Is Banking all about the numbers?
Numbers are important, but the story they tell is more important.
I’m Bryan, a former Marine and incoming Associate in Banking at Barclays. About a week ago I had the opportunity to sit down with David Wang, a Marine Corps veteran and a current Vice President on Barclays’ High Yield Bond trading desk. As someone who just went through the military to business school transition and recruiting process, I thought it would be good to share our conversation with the greater Barclays and veteran communities.
Bryan – Hi David. For starters can you introduce yourself by taking me through your background from undergraduate through today?
David – Sure. I graduated from the University of Texas in 2004 and served in the Marine Corps after that. I was an artillery officer by trade and conducted a couple deployments to Iraq. After the Marines I went to business school at University of North Carolina, Chapel Hill and from there met a lot of veterans while networking. I felt like I got along with the people at Barclays and enjoyed the environment on the trading floor the most, so I applied for an internship and ended up with a full-time offer. What about you Bryan?

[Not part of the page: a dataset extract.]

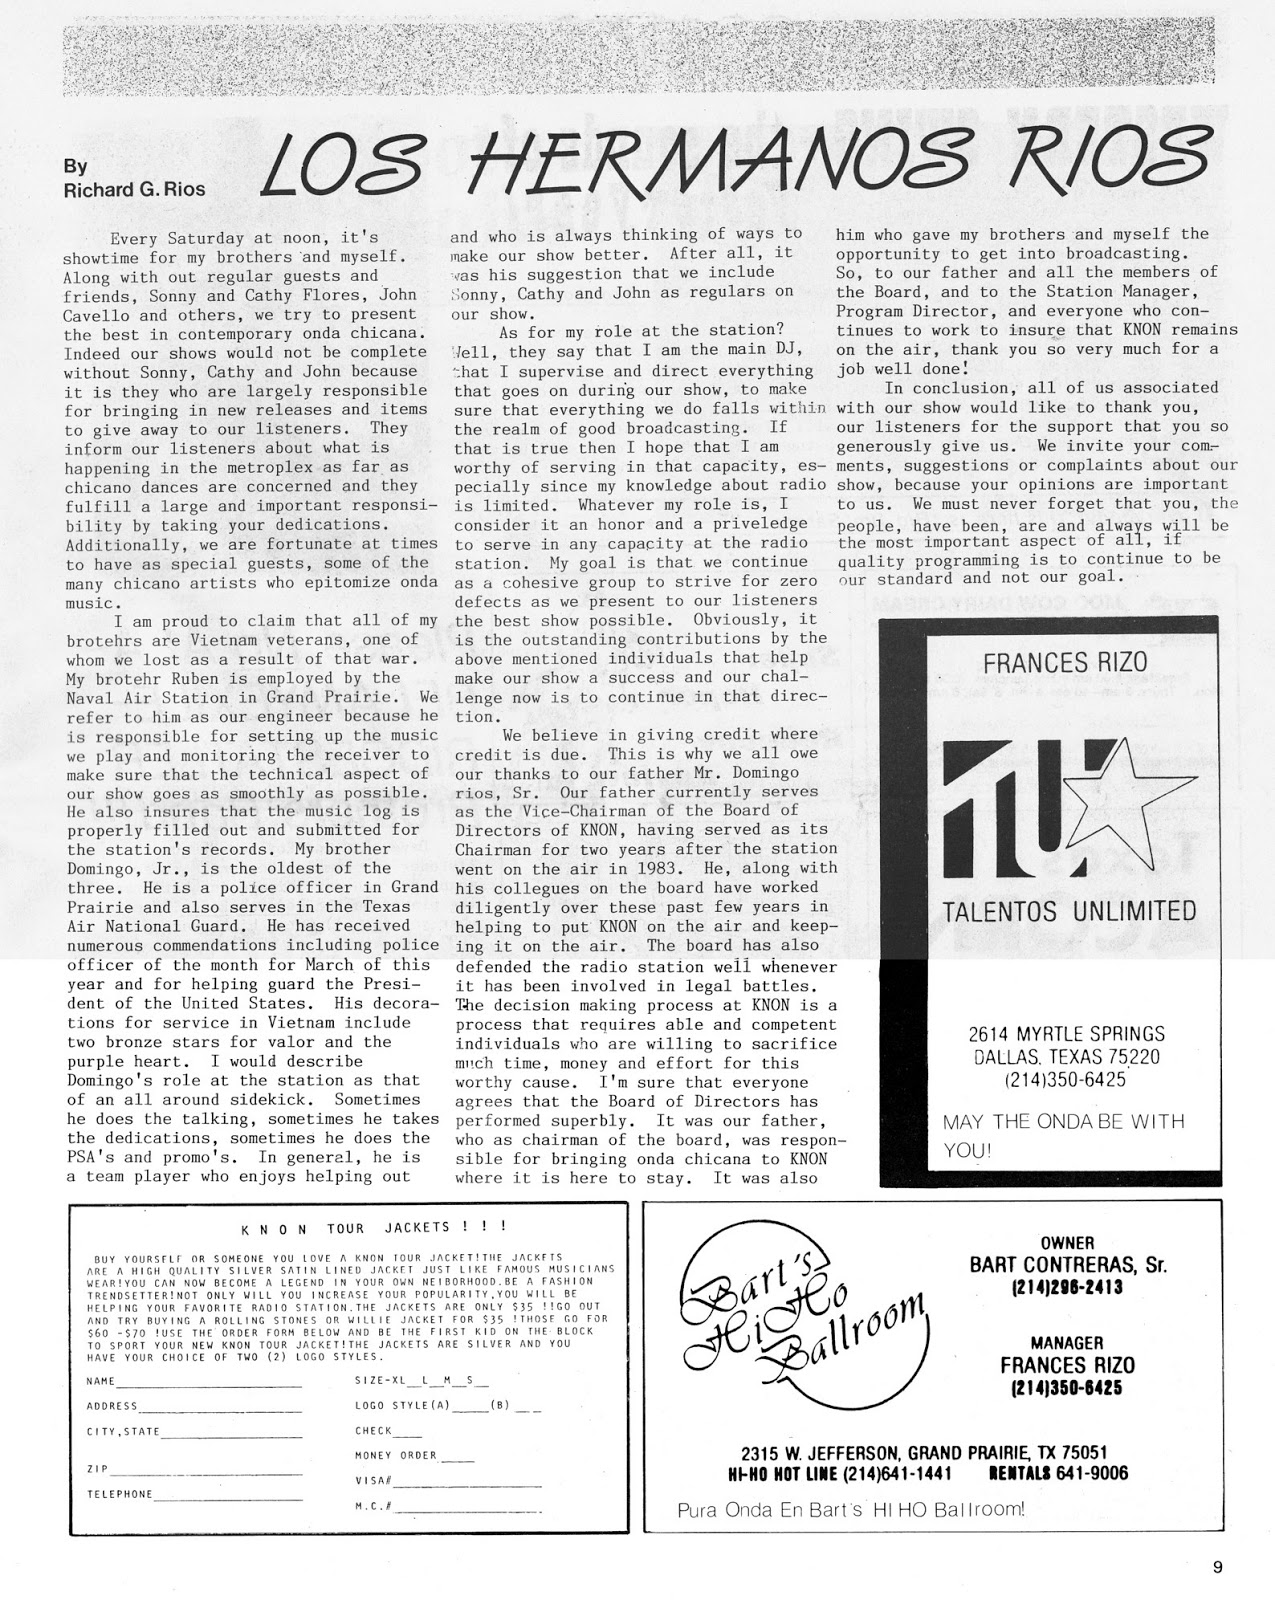 scrapbook-1986-issue-3-p09

Bryan – I am originally from New York and I graduated from SUNY Binghamton. Following graduation, I was commissioned into the Marine Corps as a Second Lieutenant in 2008. I became an infantry officer and was stationed in the lovely 29 Palms, California for three years. While there, I deployed to Sangin, Afghanistan twice. When I was promoted to Captain, I went to The Basic School for the next three years. I enrolled in New York University’s MBA program and during the recruiting process I felt a real connection to the Barclays recruiting team and Stern alumni. Also, the Veterans Network at Barclays was very impressive. During my internship, I felt like everyone, from my Operating Committee Mentor to my Junior Mentor, was invested in my success, so I signed the full-time offer and I will be returning to the firm in July.
What about Barclays made you feel like it was such a good fit and enticed you to apply?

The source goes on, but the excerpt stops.